Il tressaillit. Comment savait-elle ? Non, c’était impossible, encore une invraisemblable coïncidence…Elle n’avait plus le courage de le regarder, ses yeux étaient rivés sur la petite bille endiablée qui n’en finissait de voltiger à tout va. Dans son état de nervosité, elle ne pouvait plus suivre sa complexe trajectoire, s’attachait aux brefs instants de répits : un soupir sur le 15, une esquisse de 27, un soupçon de 19. Impair toujours impair, elle suffoquait, se mordait les lèvres jusqu’au sang. Tous les souffles et la bille s’arrêtèrent à l’unisson, le verdict était tombé : face et face, exécuteur le 31.

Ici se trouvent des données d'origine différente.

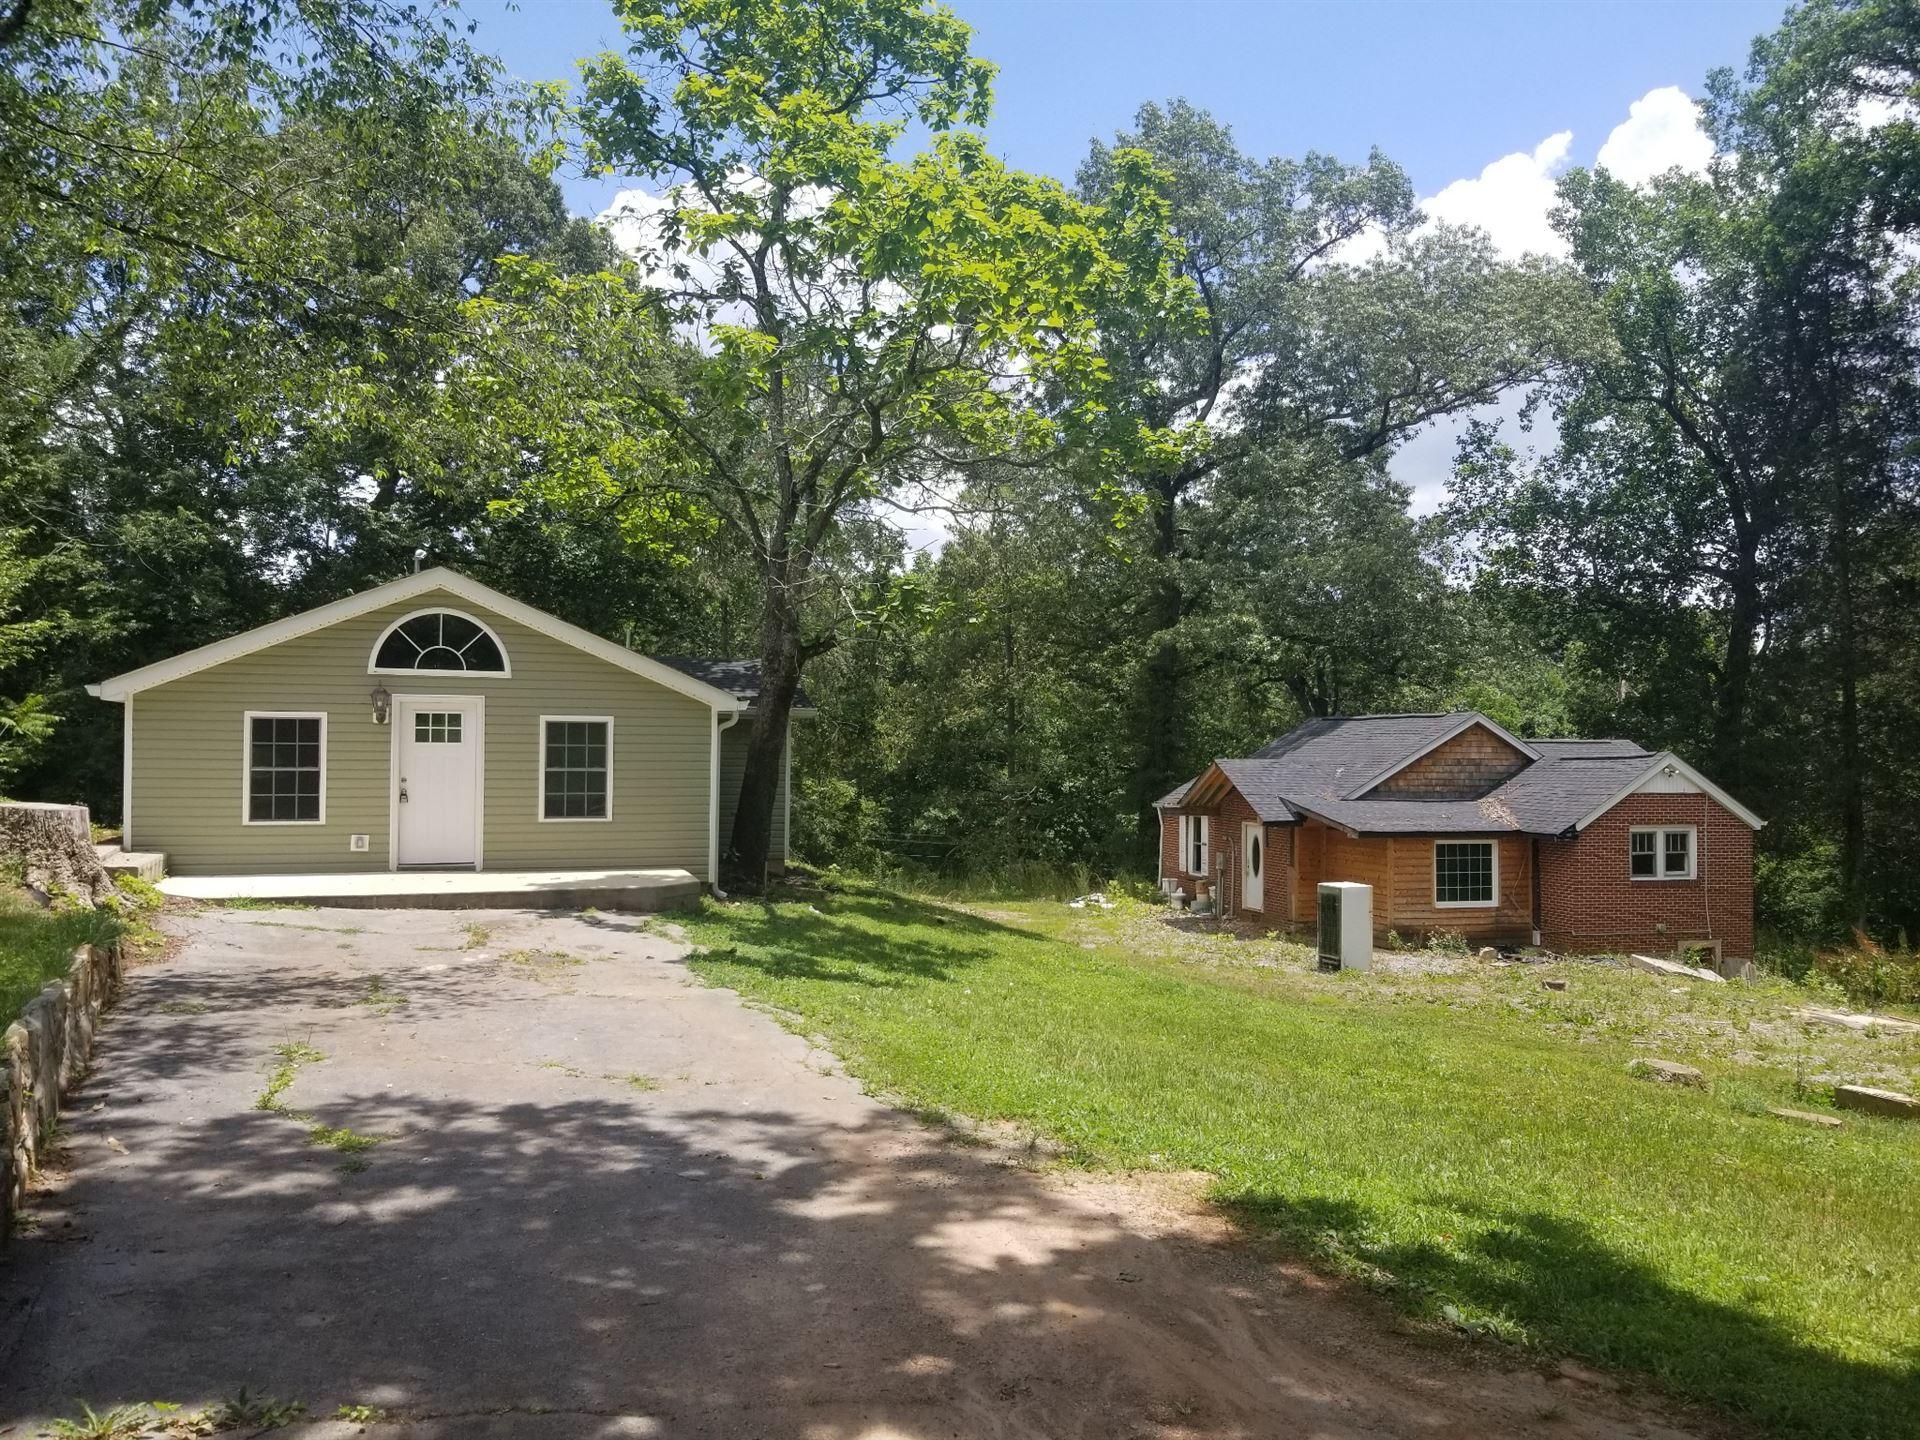 205 Shady Rest Rd, McMinnville, TN 37110 - MLS#: 2247734

31, le 13 inversé, 31, comme 31 jours de pénitence. Non sans panache, il lança ses derniers jetons au personnel et se leva dans une atmosphère dramatique, personne ne savait pourtant que ce diable d’homme n’avait plus le moindre rouble en poche pour se nourrir et se loger un mois entier. La croupière se fit remplacer et le suivit aux vestiaires, elle voulut lui parler mais ne trouva rien de mieux qu’un timide :
-« Le double 0 c’était mauvais signe ! »
Il répondit en riant :
-« ‘ Fallait le dire un peu plus tôt, ma chérie. »
Elle regretta ses paroles mais se rassura en le voyant toujours égal à lui-même. Ces 2500 roubles ne représentaient peut-être pas grand-chose pour lui. Il ne la détrompa pas. Il avait vu ce qu’il était venu voir, il n’avait plus rien à faire ici. Cette charmante croupière lui laisserait un souvenir impérissable mais rien de plus, il avait étrangement besoin de rester fidèle à celle qu’il avait abandonnée.
-« A propos », dit-il subitement, « 1 9 27 c’était aussi l’année de naissance de mon père.»
Elle resta un moment médusée, puis esquissa un sourire. Elle aurait préféré un numéro de téléphone mais c’était toujours ça. Son regard trahit ses pensées. Il répondit de tendresse et d’excuses entremêlées et la quitta sans aucun regret. Face efface.